One of my favourite sections of the book is where Schulman
writes about the impact of emails. If it were not in violation of copyright, I
would just type it all up and share it right here and now. Instead you will
have to go buy the book. But here is a teaser:
This central role of anxiety in escalating
Conflict is one of the reasons why, in our contemporary time, email and text
are so often the source for tragic separations of potentially enriching
relationships. First of all, email and text are both unidirectional and don’t
allow for return information to enhance or transform comprehension. We must
speak to each other, especially when events or feelings are fraught. I wish
that all the people of the industrial world would sign a pledge that any
negative exchange that is created on email or text must be followed by a live,
in person conversation. And clearly we have a responsibility to encourage our
friends and colleagues to not make negative judgements based on emails or
texts.
When it comes to email conflict, Robert Frost’s poem Fire and Ice is surely worth recalling:
Some
say the world will end in fire,
Some say in ice.
From what I've tasted of desire
I hold with those who favour fire.
But if it had to perish twice,
I think I know enough of hate
To say that for destruction ice
Is also great
And would suffice.
Regardless of whether ongoing conflicts start or end with
either fire or ice, when they come from a place of unresolved trauma, they are often followed
by shunning – I won’t answer– and don’t
phone me either! Regrettably, that leads to even more
escalation of the hurt.
The real question is: Why would a person
rather have an enemy than a conversation? Why would they rather see themselves
as harassed and transgressed instead of have a conversation that could reveal
them as an equal participant in creating conflict? There should be a relief in
discovering that one is not being persecuted, but actually, in the way we have
misconstrued these responsibilities, sadly the relief is in confirming that one
has been victimized. It comes with the relieving abdication of responsibility.

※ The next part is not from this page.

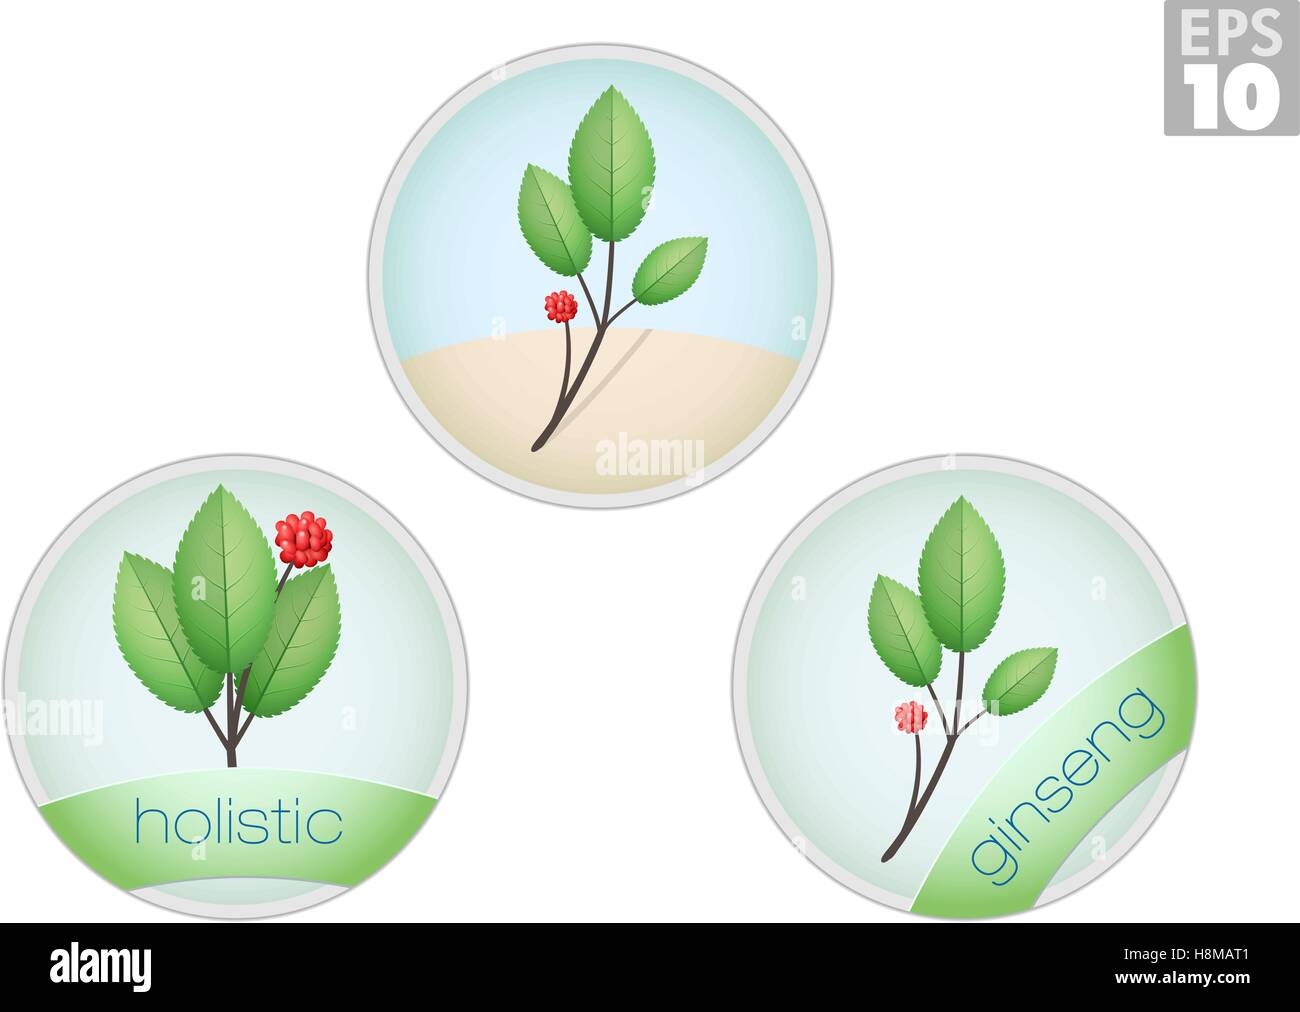 Approche holistique, le ginseng plante, icônes de médecine alternative Illustration de Vecteur
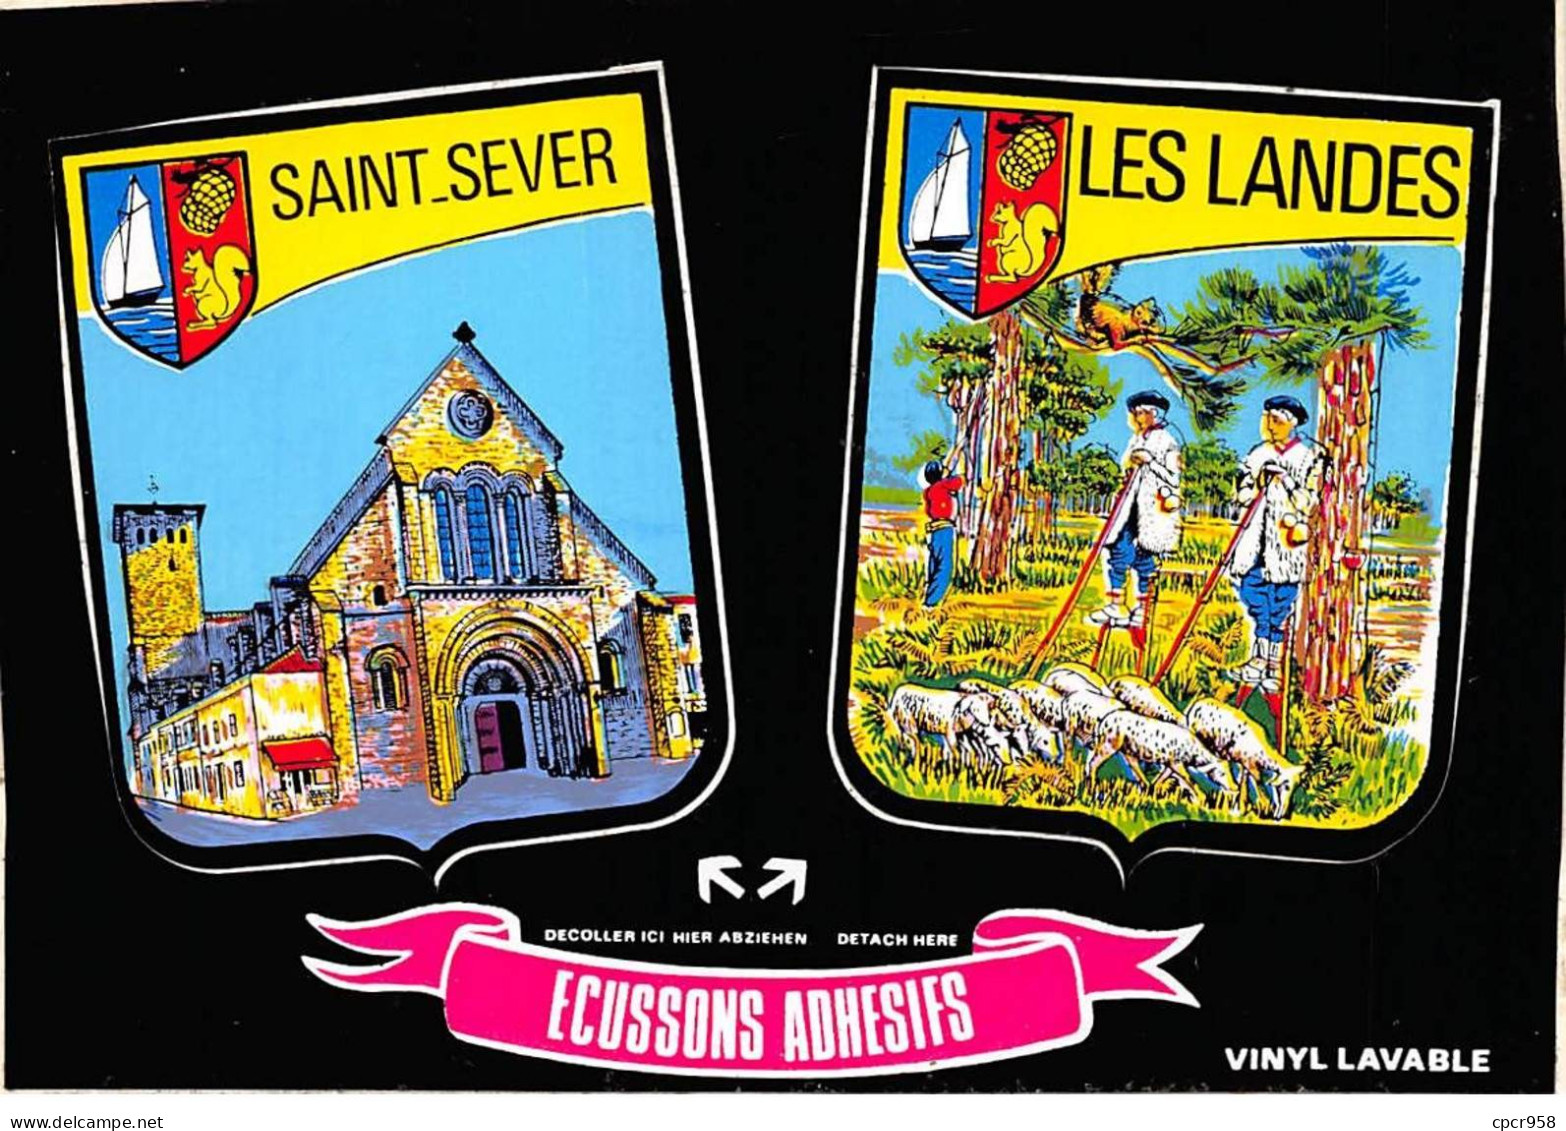 40 - SAINT SEVER - SAN23477 - Ecussons Adhésifs - CPSM 15X10,5 Cm - Saint Sever

So, where to from here? It is Schulman’s thesis that nothing
will happen until collectively we
make the mind-shift to move from being complicit bystanders to being agents for
change. When we witness over-reaction to conflict, then the injured parties
need us to help them to explore the causes and to look at the evidence, to
determine if the scale is appropriate, and then to put a stop to the kind of polarized
blaming which justifies shunning, and other forms of cruelty.
The community holds the crucial
responsibility to resist overreaction to difference, and offer alternatives of
understanding and complexity. We have to help each other illuminate and counter
the role of overstating harm instead of using it to justify cruelty.
Any pain that human beings can create, human
beings can transcend. But we have to understand what we are doing. This
transformation also requires a critical mass, a small, effective, focused, and
inspired group of people who can combine clear moral thinking with the taking
of responsibility, as expressed through direct challenge to brutality and organized
action. It can be a small group of conscious friends helping a person
conflating Conflict with Abuse find alternatives. It can be two family members
who don’t jump on an unethical bandwagon falsely construed as “loyalty”.
I don’t want to underestimate the challenge of achieving all
this. Actions – particularly sustained actions - are much harder than words, but
at least Sarah Schulman has dared to shed light on a particularly tricky part
of the path. She at least has got us started.